= Elsie Marley =

English alewife and subject of a traditional song

Elsie Marley (c. 1713–1768) was an alewife who lived in Picktree, near Chester-le-Street, County Durham, England. This is close to Harraton Hall, the home of the Lambton family. A song and jig tune bearing her name, popular in her lifetime, are still played locally.

== Life ==
A surprising amount is known about the life of Alice (Elsie) Marley, from birth and marriage records, from newspaper accounts of her death, and from Cuthbert Sharp’s notes on the song about her life, prepared in consultation with her grandson.

Her birth name, Alice Harrison, being common, a firm identification seems impossible, but she may well be the Alice Harrison christened in Houghton-le-Spring, on 24 August 1713. This is not far from Chester-le-Street, and this birth date is consistent with the date of her marriage. In 1735 she became the first wife of Ralph Marley, who kept a public house at Picktree, near Chester-le-Street, County Durham. They had eight children. She was well-known in her lifetime - in 1765 at Beverley races, one of the horses was Mr. Wormley's bay mare, 'Alcey Marley', suggesting her name was well known.

According to Cuthbert Sharp, writing some 50 years after her death, the inn bore the sign of the Swan, with the appropriate motto:-

“The Swan doth love the water clear,
And so does man good ale and beer.”

She was a handsome, buxom, bustling landlady, and by her efforts, made the Swan a financial success. However, on their march towards Scotland during the Jacobite risings in 1745, the Dutch mercenary troops used the inn for target practice, and it remained "in a tattered condition" for many years after.

She suffered from a long, severe illness, and on 5 August 1768, was found drowned in a flooded coal pit near Vigo, near Birtley, Tyne and Wear. It was presumed she had accidentally fallen in, and because of her weak state, had been unable to climb out. The report in the Newcastle Chronicle reads "Thursday sen'night, in the morning, Alice Marley, Vigo, near Chester-le-Street, remarkable for the celebrated song composed upon her, was found drowned in a pond near that place." The account in the Newcastle Courant is more detailed: "Yesterday sen'night the well-known Alice Marley, of Picktree near Chester-le-Street, shaking in fever, got out of her house and went into a field where there was an old coal(pit) full of water, which she fell into, and was drowned." Both make clear she had been a local celebrity.

Her youngest son, Harrison Marley, in turn had a son (her grandson) called Ralph, who was known to be alive c. 1825. Ralph was cited as one of Cuthbert Sharp's informants in his notes on the song "Elsie Marley".

== The song and tune ==
Elsie Marley gave her name to a spirited and lively jig, as well as a humorous song to the same tune, about her life, indexed by Roud as Roud 3065. The lyric is in the same metre as the verse on the sign of The Swan, which may well be deliberate. One verse of the song, not printed in Ritson's early version, but noted by Sharp some years later as being current in the neighbourhood, reads:

Elsie Marley wore a straw hat
But now she's getten a velvet cap
The Lambton lads mun pay for that
Do ye ken Elsie Marley, hinny?

This hints at a relationship between her and the sons of the Lambton family, two of whom served as M.P. for Durham. It might be a later addition, but may well have been omitted from the early printed text to avoid offending the Lambtons. The words in the last verse, "hoping there's none I do offend" tends to confirm the latter.

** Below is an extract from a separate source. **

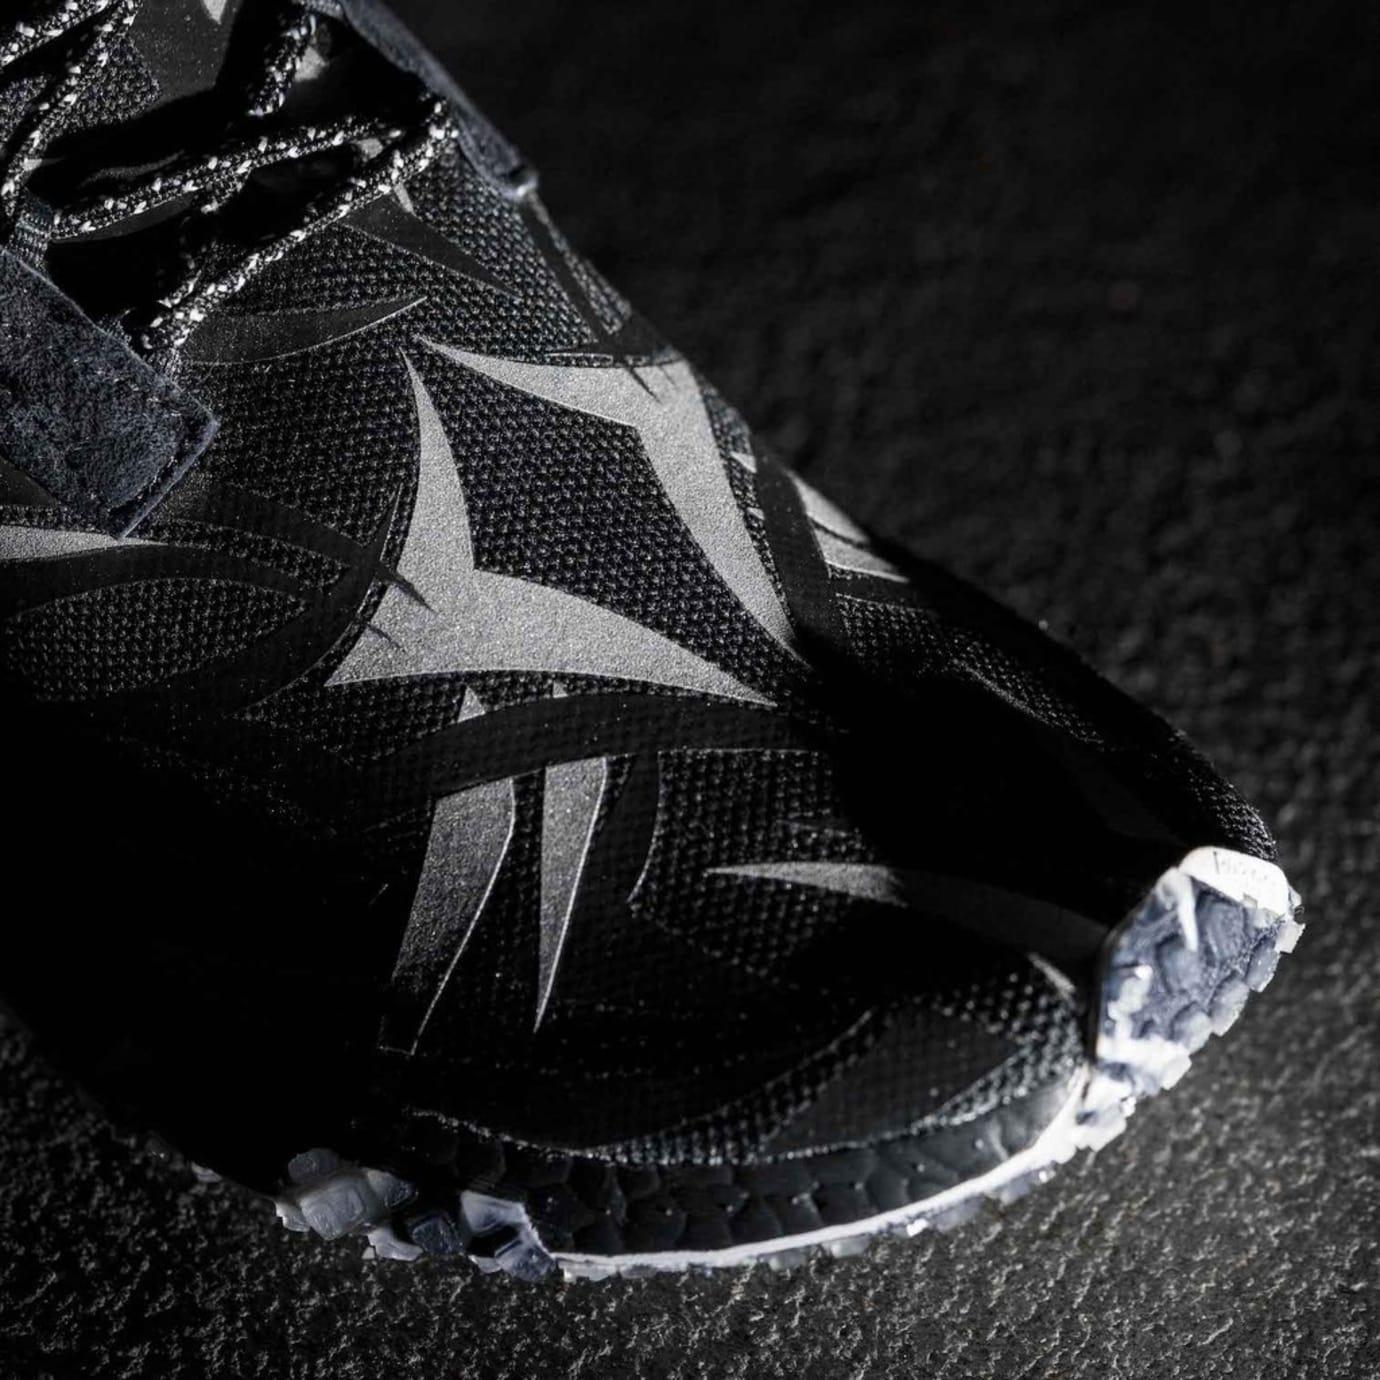 brand new 57ba8 b2396 Juice x Adidas Consortium NMD Racer Core Black/White DB1777 ...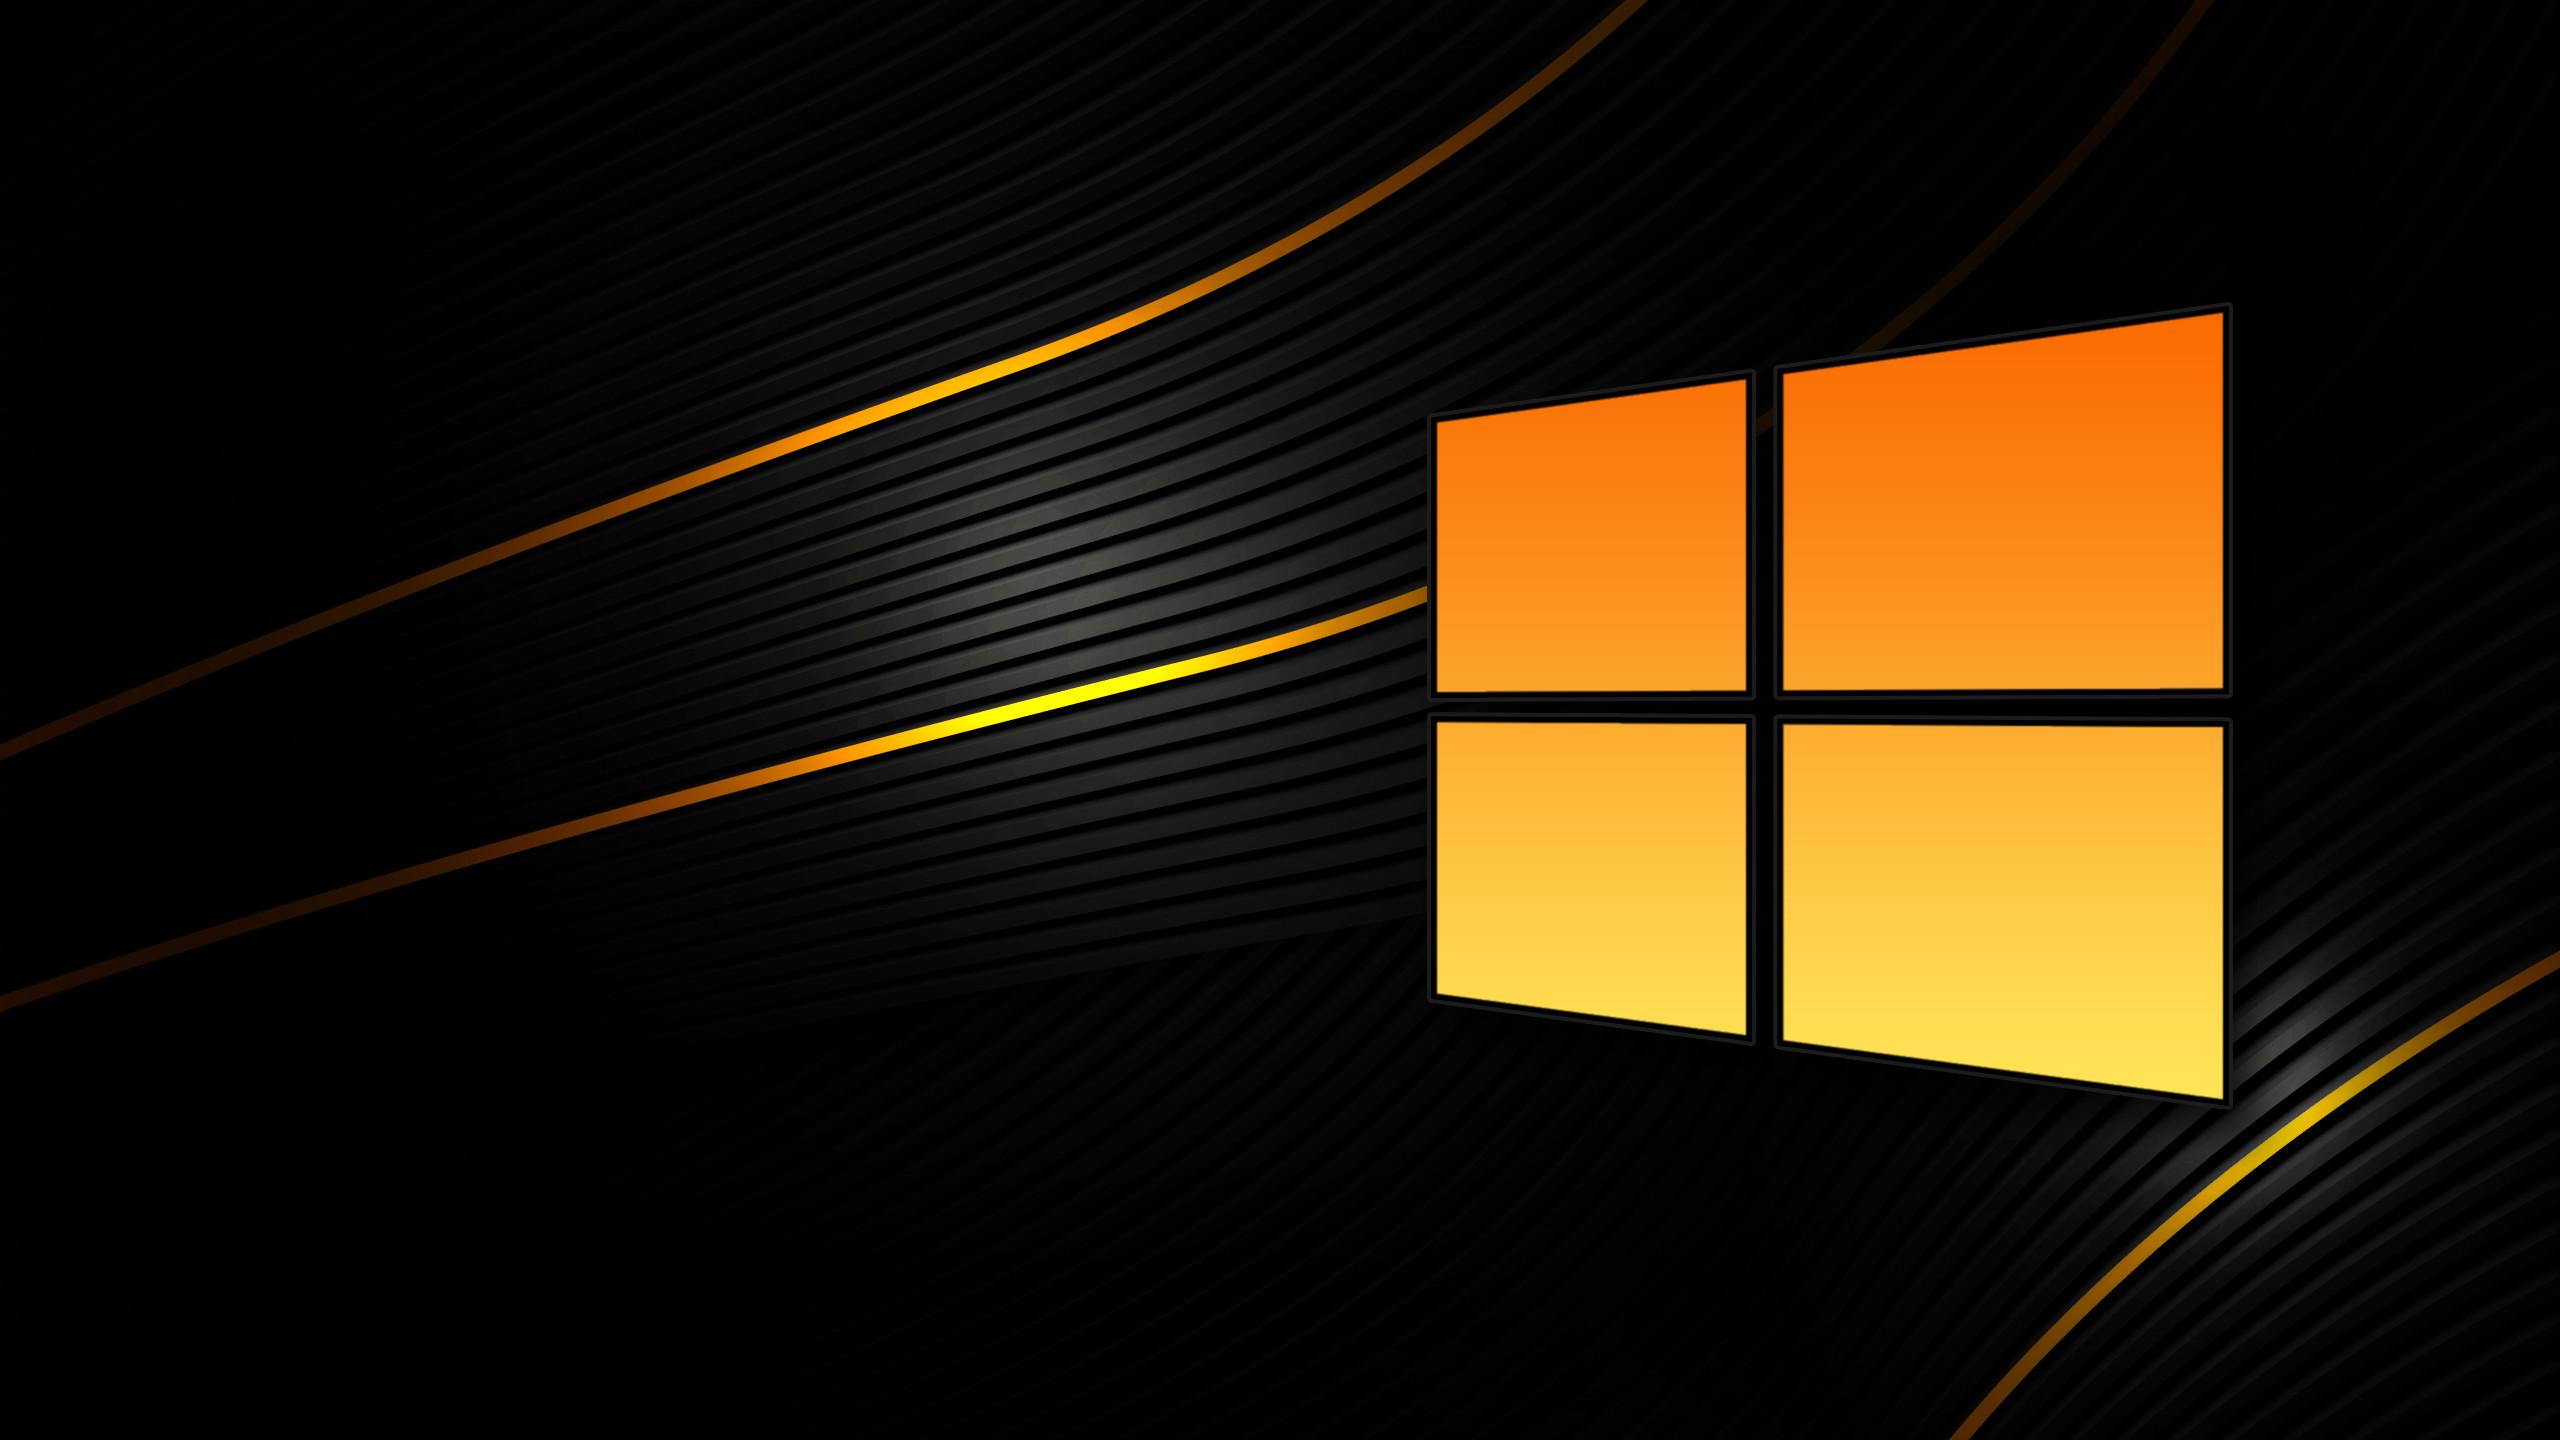 windows 10 wallpaper hd,yellow,orange,light,line,design

It is mentioned as "the celebrated song" in the Newcastle Chronicles account of her death. The words were first published by Joseph Ritson in The Bishopric Garland, 1784. The song is described as “anonymous” in The Bishoprick Garland of 1834 compiled by Sir Cuthbert Sharp. The song also appears in Rhymes of Northern Bards compiled by John Bell. Both the tune and the song are still widely known in the North-East; the tune was recorded by Tom Clough on his His Master's Voice recording of smallpipes in 1929, and the song by the High Level Ranters on their 1976 album Ranting Lads.

The tune is also referenced in the lyrics of "Byker Hill", another traditional Northeast English folk song.

An early and consistent three-strain version appears in a collection by Robert Topliff, from about 1815. A less consistent, but similar, 4-strain version appeared at about the time of Elsie's death in Robert Bremner's 'Collection of Scots Reels', compiled in Edinburgh, and a rather different 2-strain version is found in the William Vickers manuscript from Newcastle, dated 1770.

The distinctive harmonic pattern of this mixolydian mode tune is very common in Northumbrian and Border music, and specifically music for Border pipes. Some 13 of the 40 tunes in the William Dixon manuscript follow the same scheme, or one of its variants. There were tunes with this structure well before the appearance of this tune, but it is perhaps the best known example of the type.